Beginning with the line that holds "Imperial Teak Lacquered", copy each line through the end of the material below, exactly and with no pictures.

• [INFORMATION SUPPLIED]
= Beginning of Section =
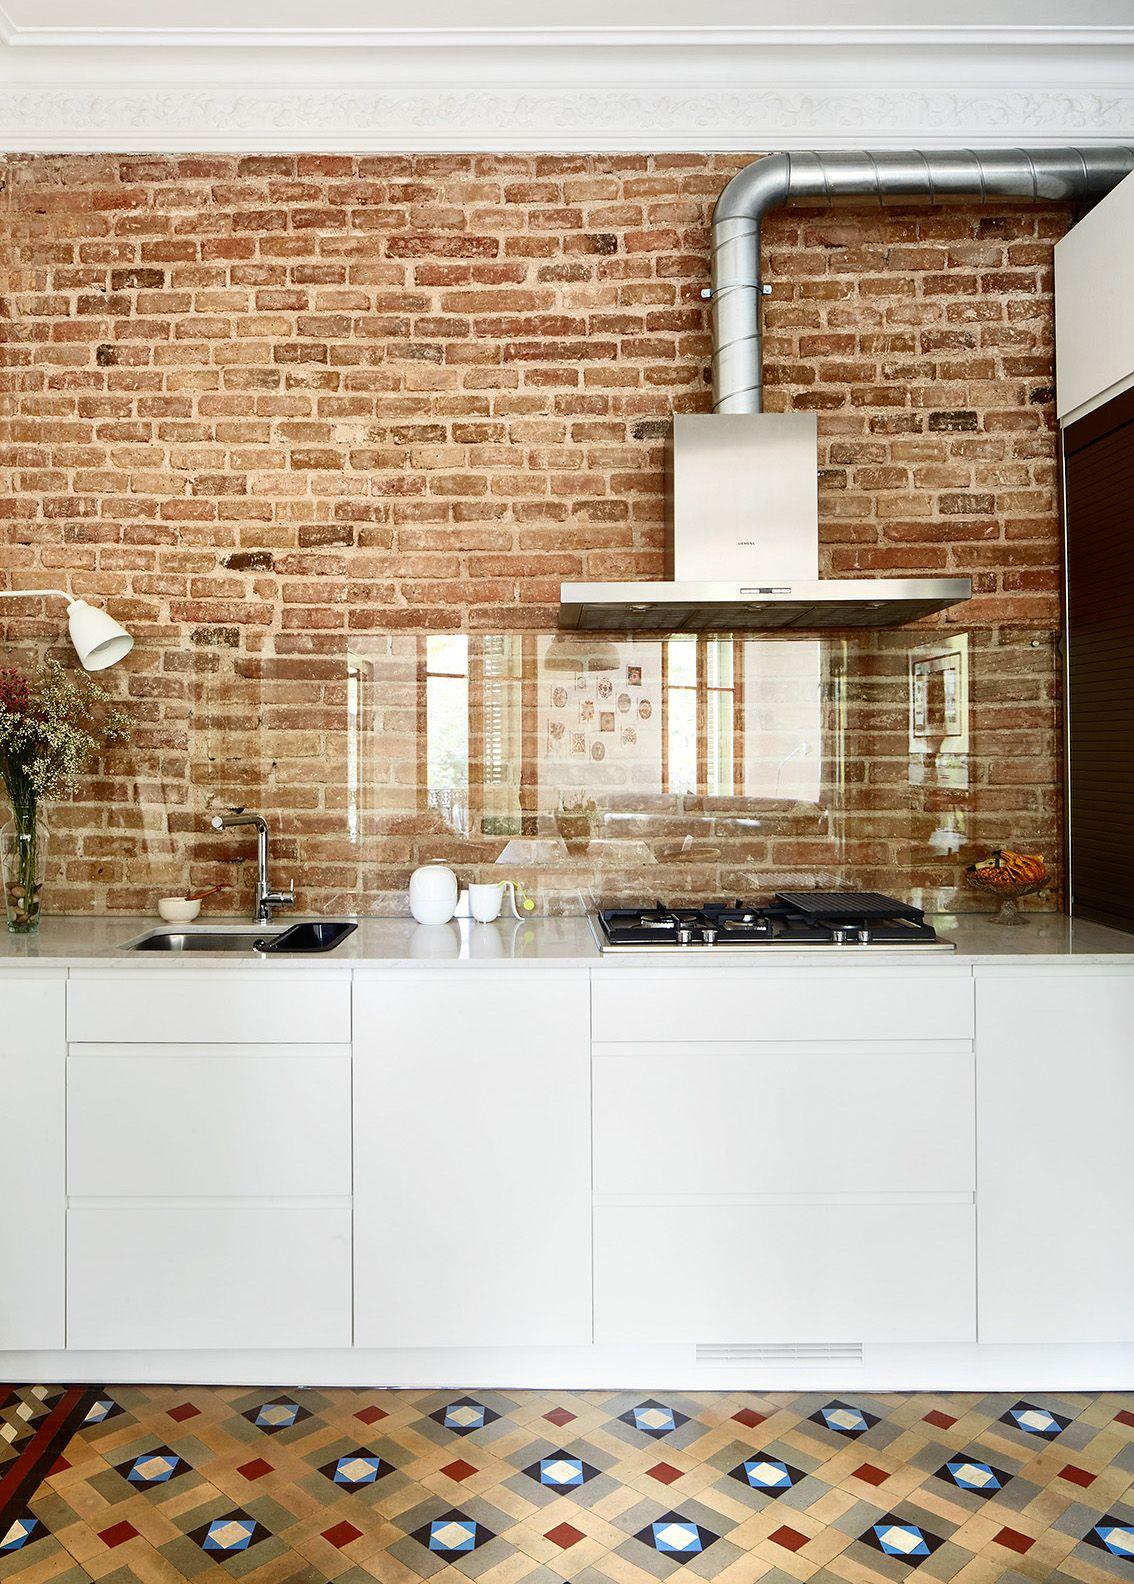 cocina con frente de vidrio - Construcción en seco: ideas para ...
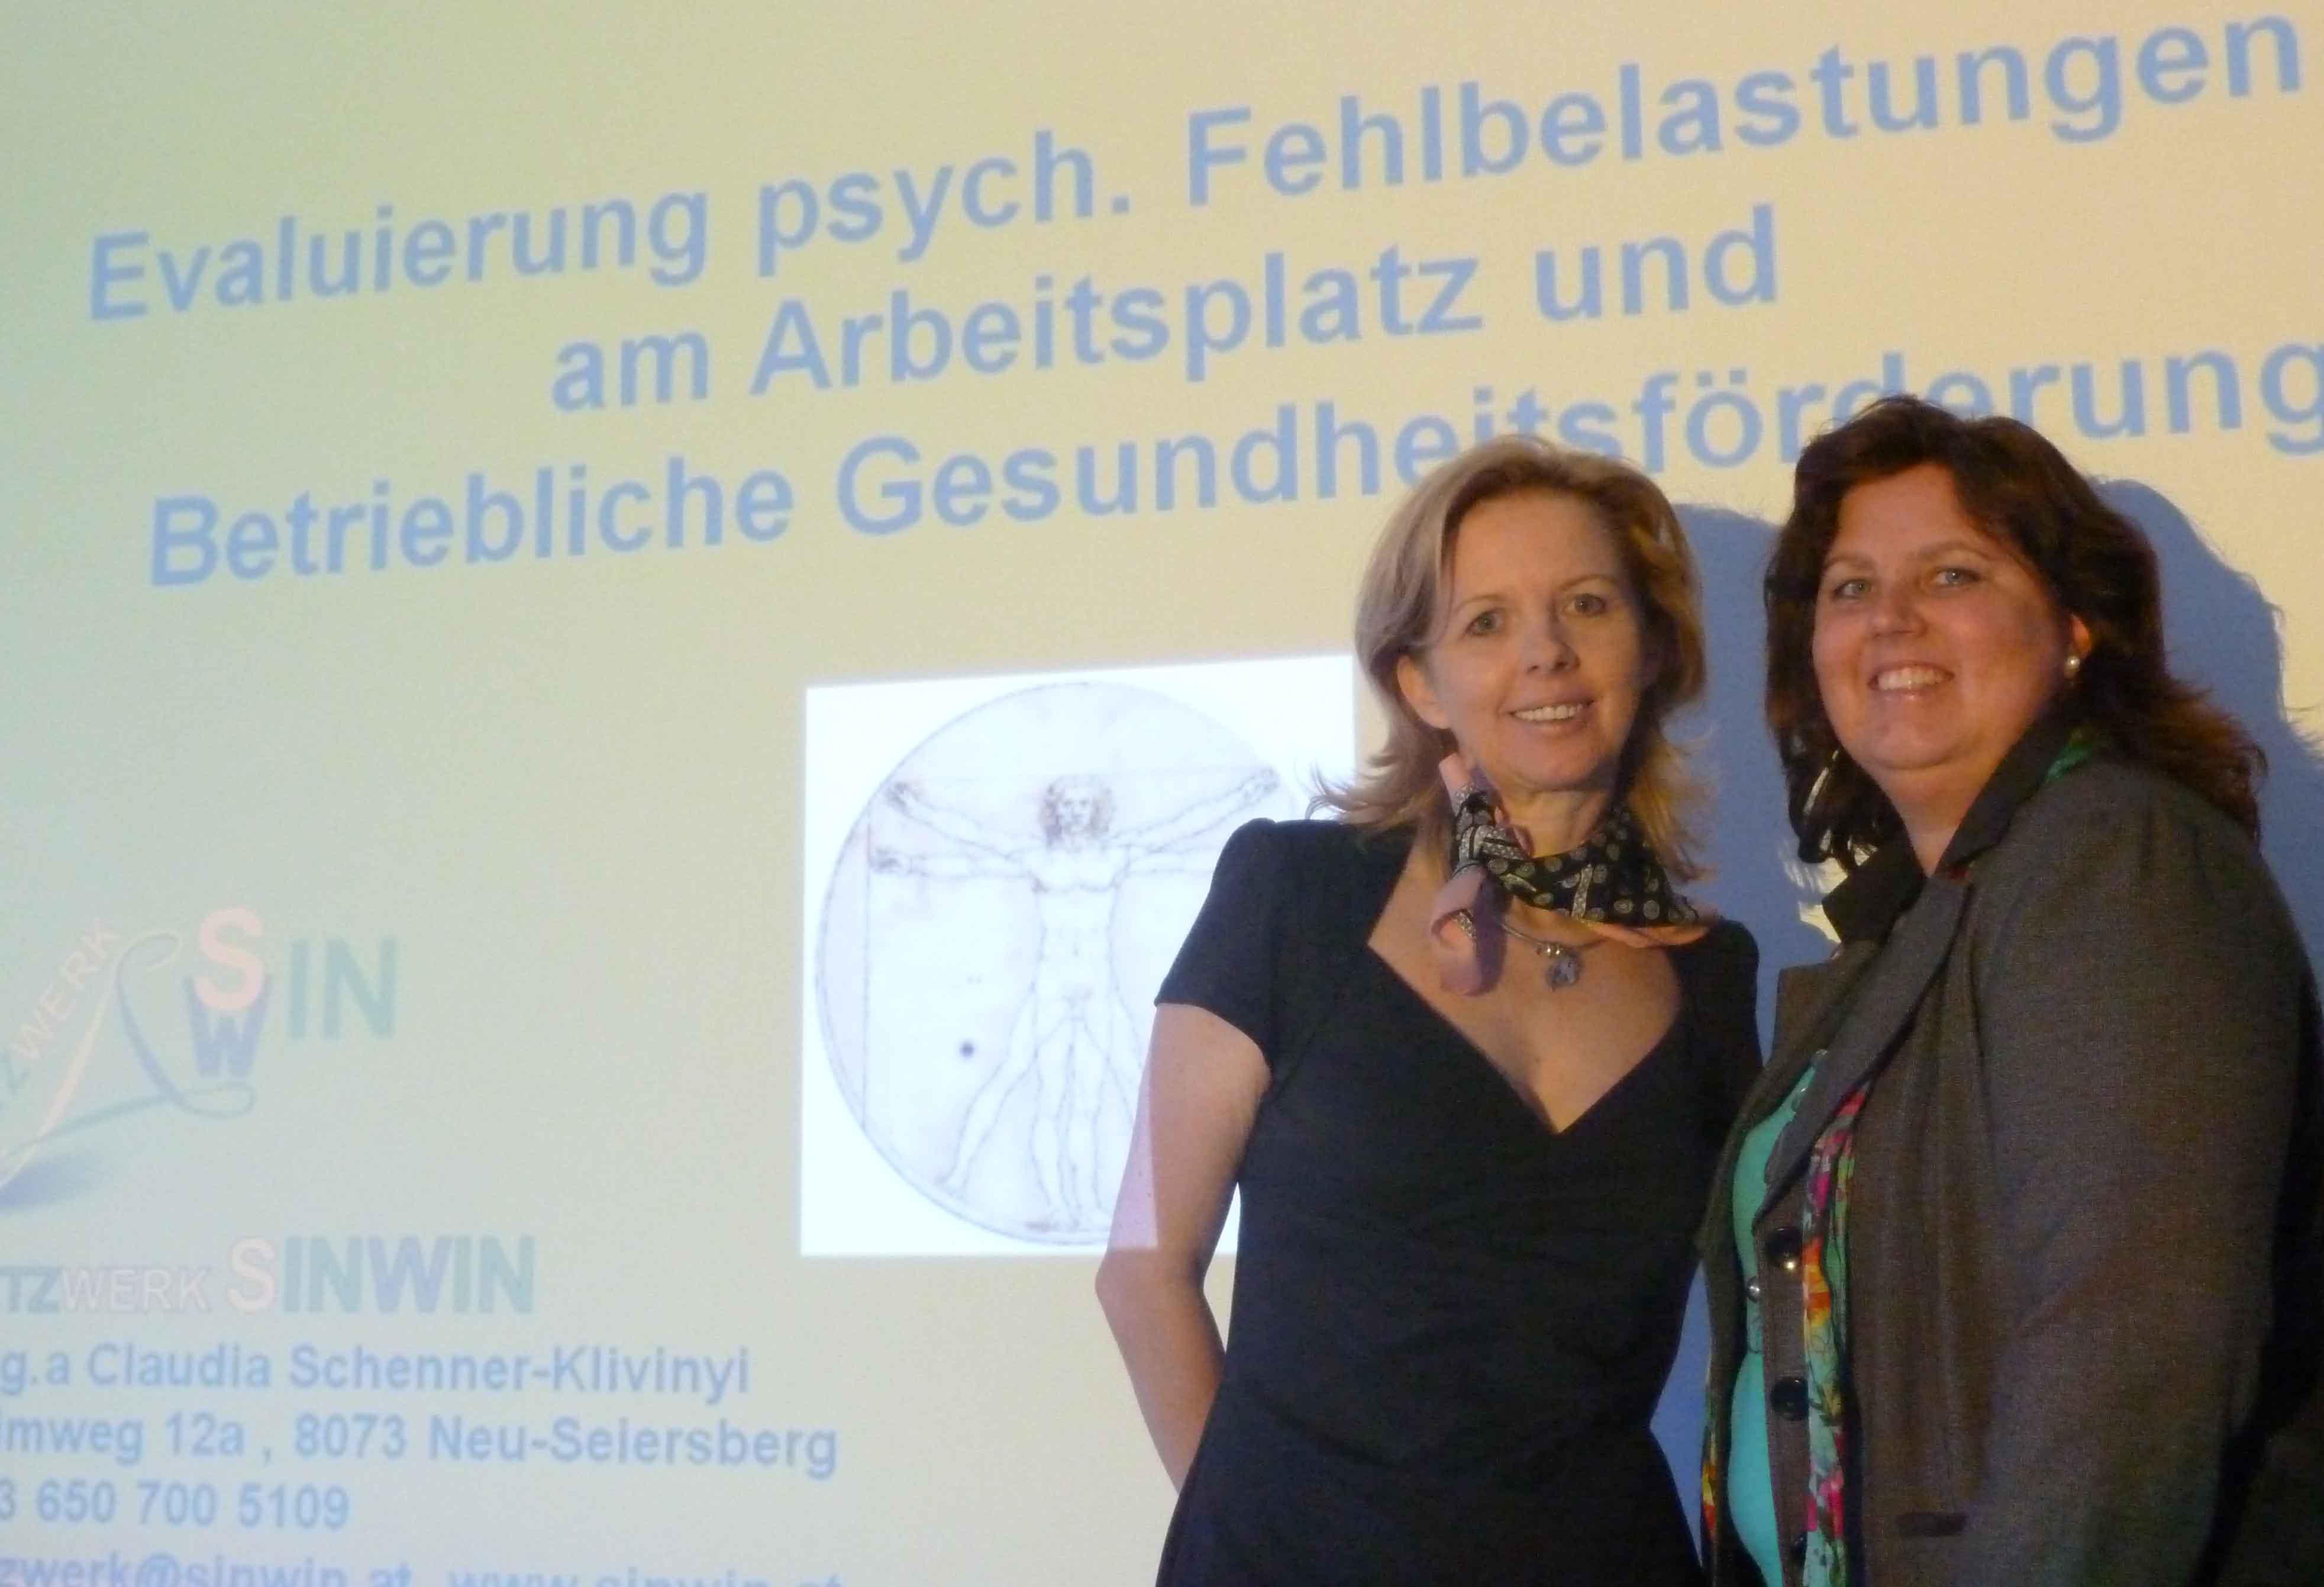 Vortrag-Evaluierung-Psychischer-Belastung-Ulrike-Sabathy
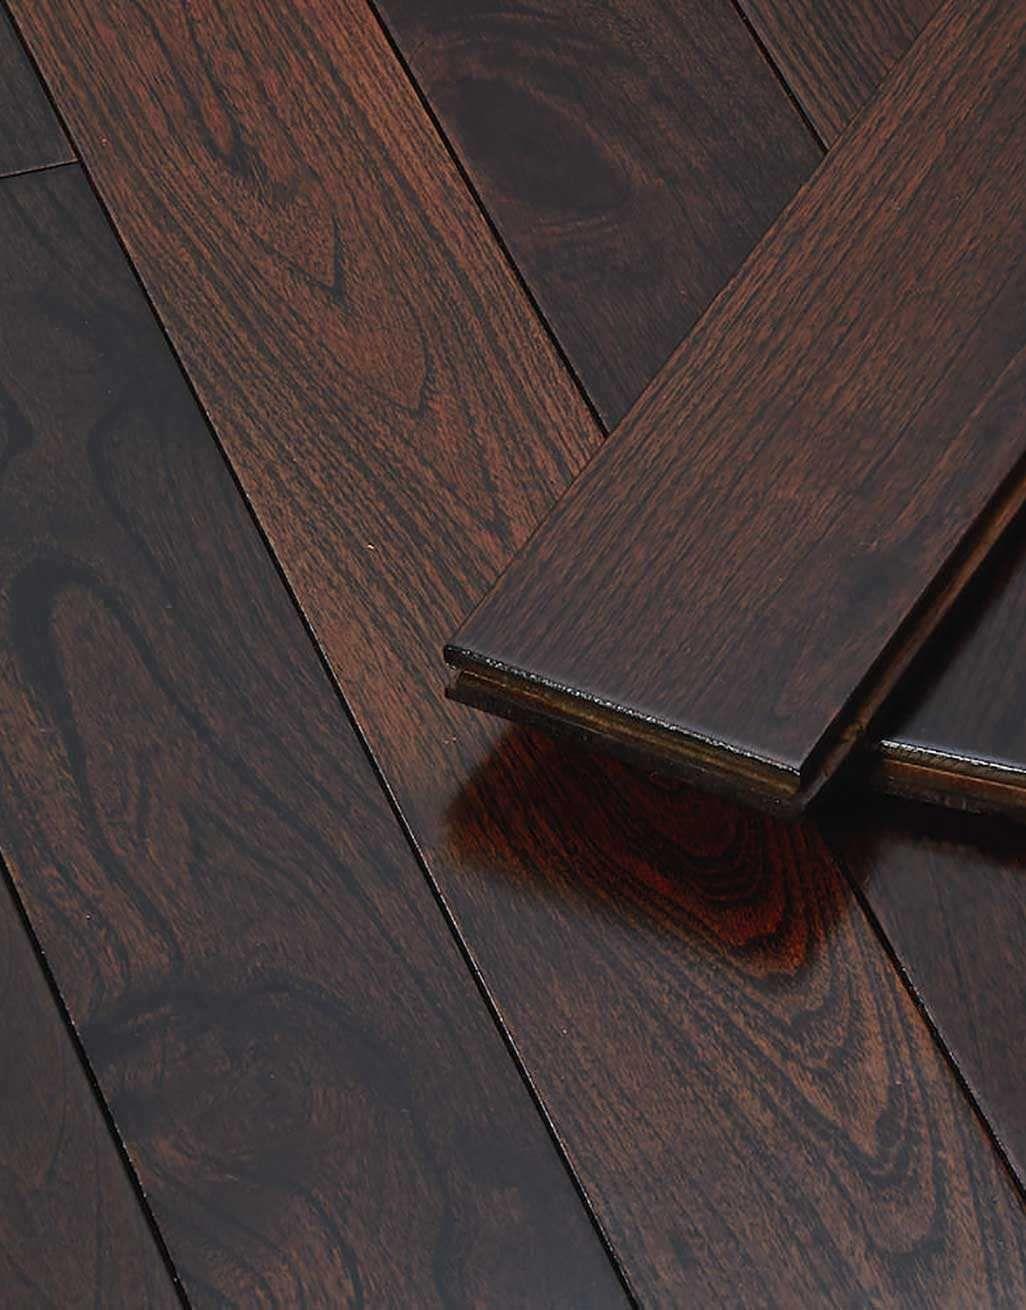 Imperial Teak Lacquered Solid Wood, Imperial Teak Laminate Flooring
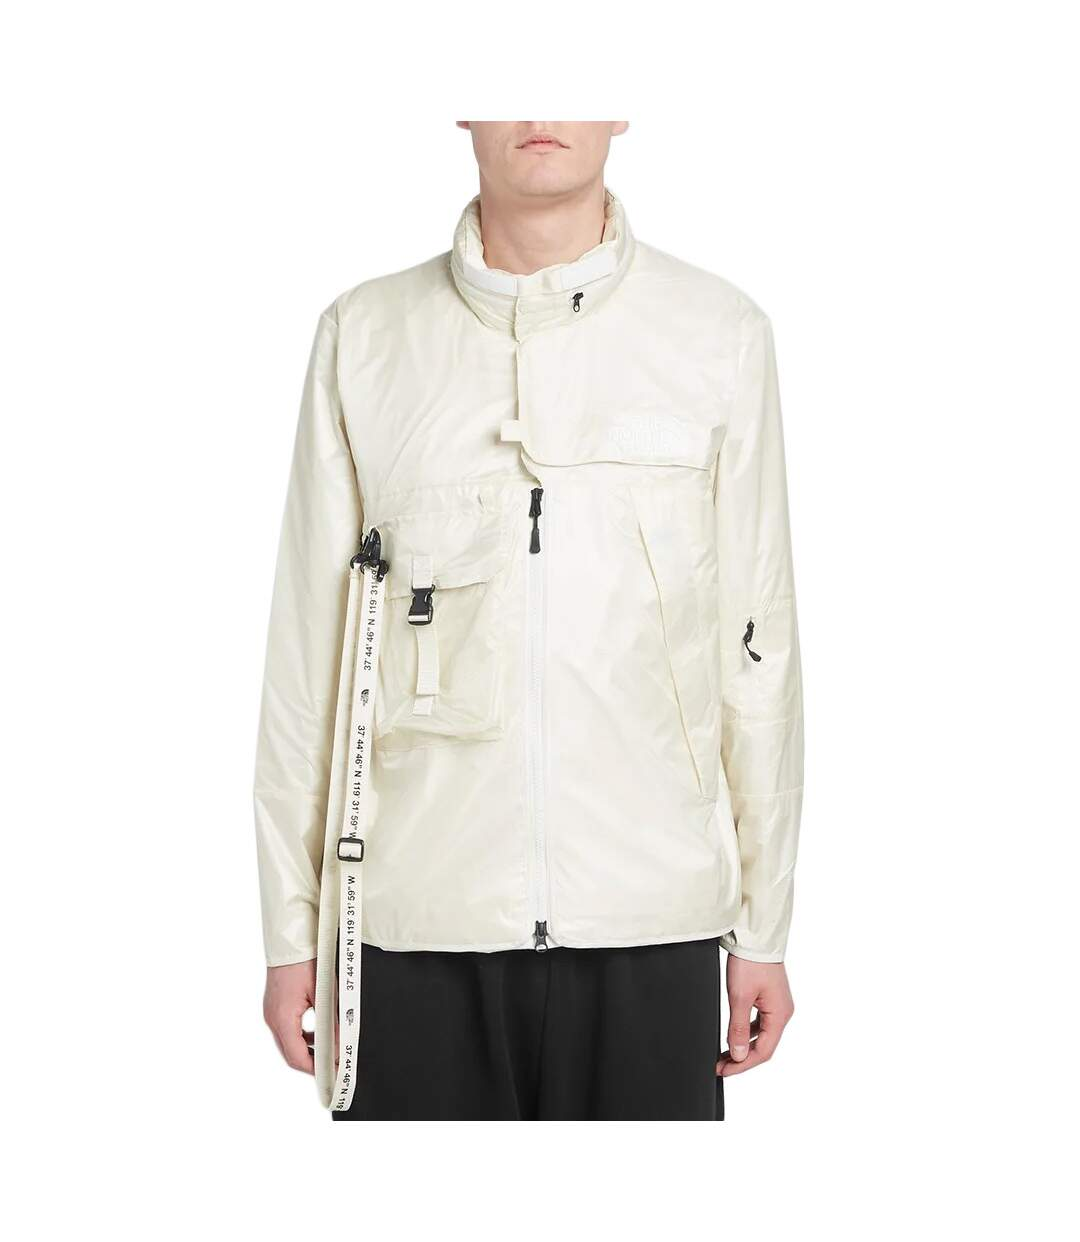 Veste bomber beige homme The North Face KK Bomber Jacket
= End of Section =
• [EXPECTED ANSWER]
 Imperial Teak Lacquered Solid Wood, Imperial Teak Laminate Flooring
 Veste bomber beige homme The North Face KK Bomber Jacket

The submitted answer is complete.